Isolation is the
major component of the writerly life. Lock yourself in a room and don’t come
out until you’ve finished a bunch of words. Empty that bladder. Go back to the
room and write another bunch of words. And so on.
What advice do I have for working from home?
Wear fucking clothes, for fuck’s sake. What the fuck is wrong with you?!
Suddenly you are forced to work from home and you decide to simply not get
dressed? Good luck with that if a fire breaks out.
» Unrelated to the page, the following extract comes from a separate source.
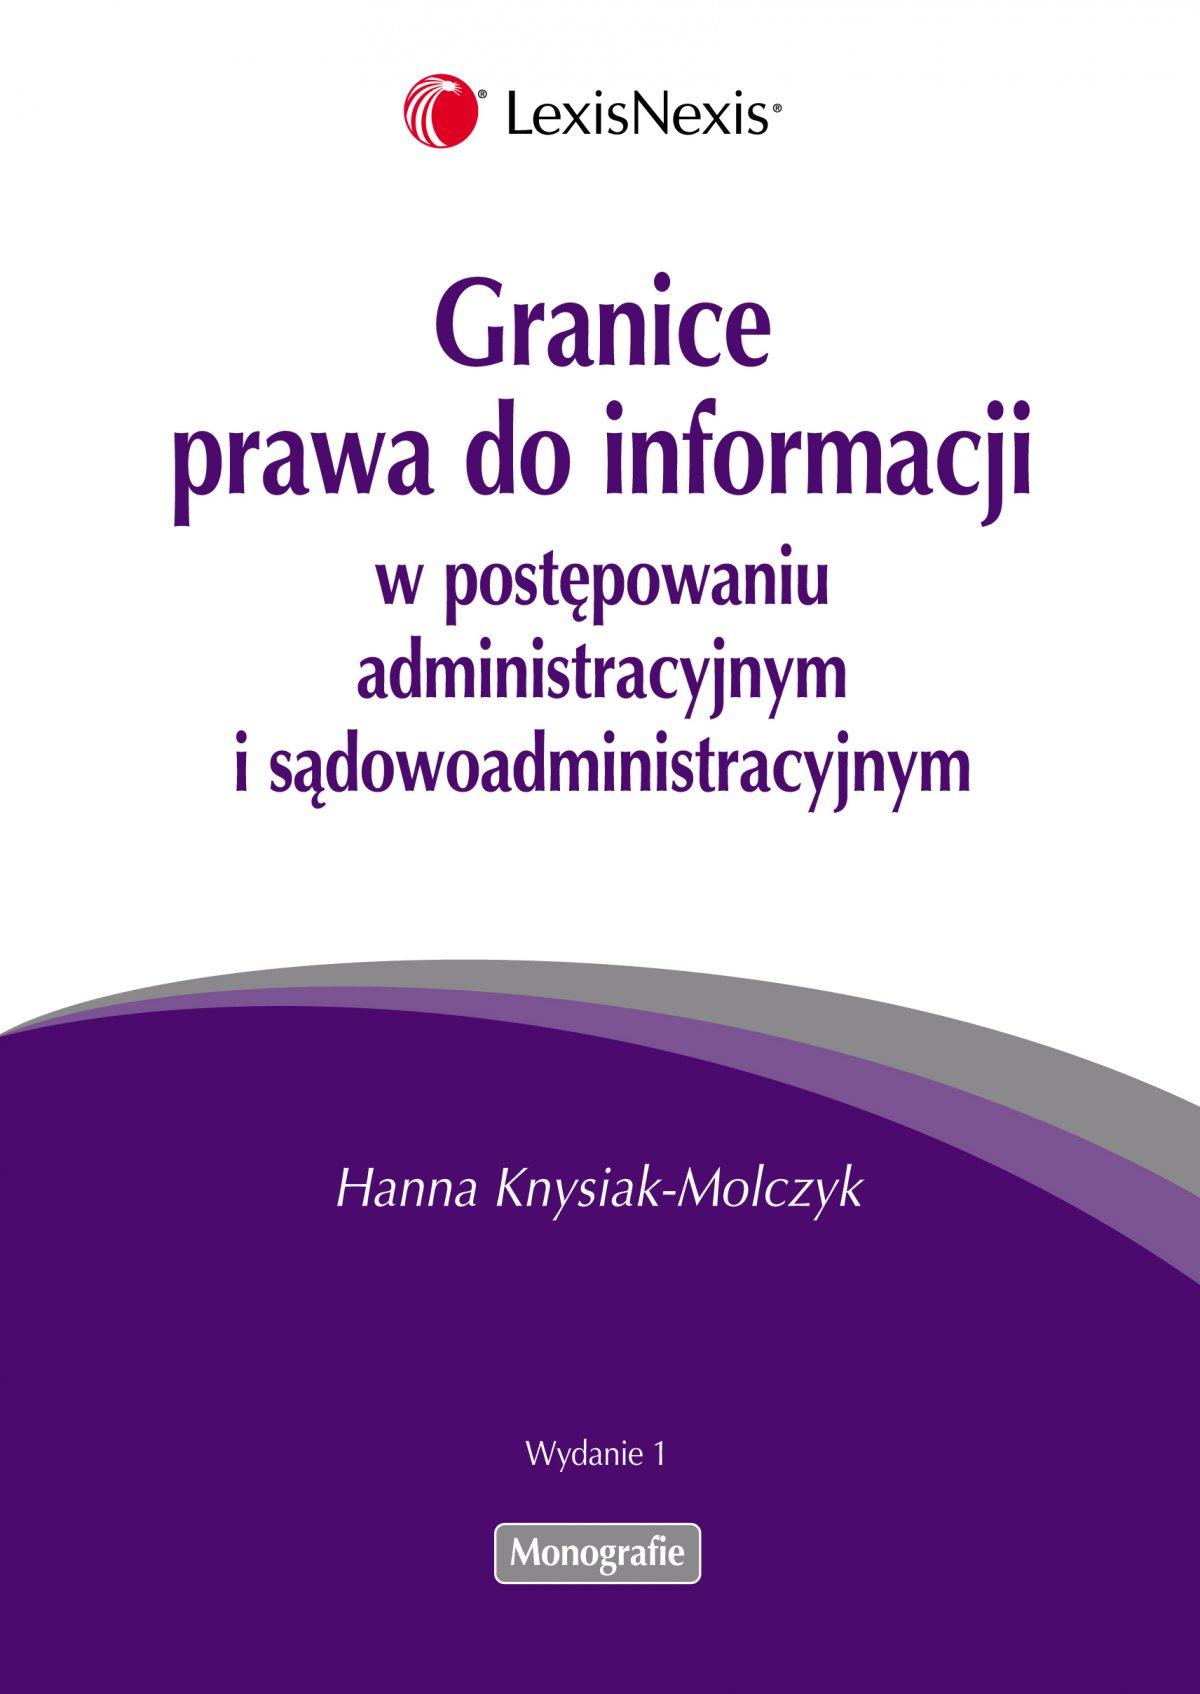 Granice prawa do informacji w postępowaniu administracyjnym i sądowoadministracyjnym - Ebook (Książka EPUB) do pobrania w formacie EPUB

If you aren’t getting dressed, face it,
you’re not climbing out of bed.
I’ve talked about Deep Vein Thrombosis
before. Take breaks. Empty your bladder. Check the fridge. Empty the bins. Tidy
shit up. Go back to locking yourself in a room and typing. But remember to
unlock that door and take hot things out of the oven from time to time.
When this shit gets real and you realise
you’ve been working from home for a vast three days, remember each day.
Obviously, a prompt like the pick-up day for the bins, yes, that’ll help remind
you of the day, the date, the month, the year, and possibly the century.
This is a great time to discover how
monotonous your diet is. The daily pizza has to go. Make it the Monday pizza.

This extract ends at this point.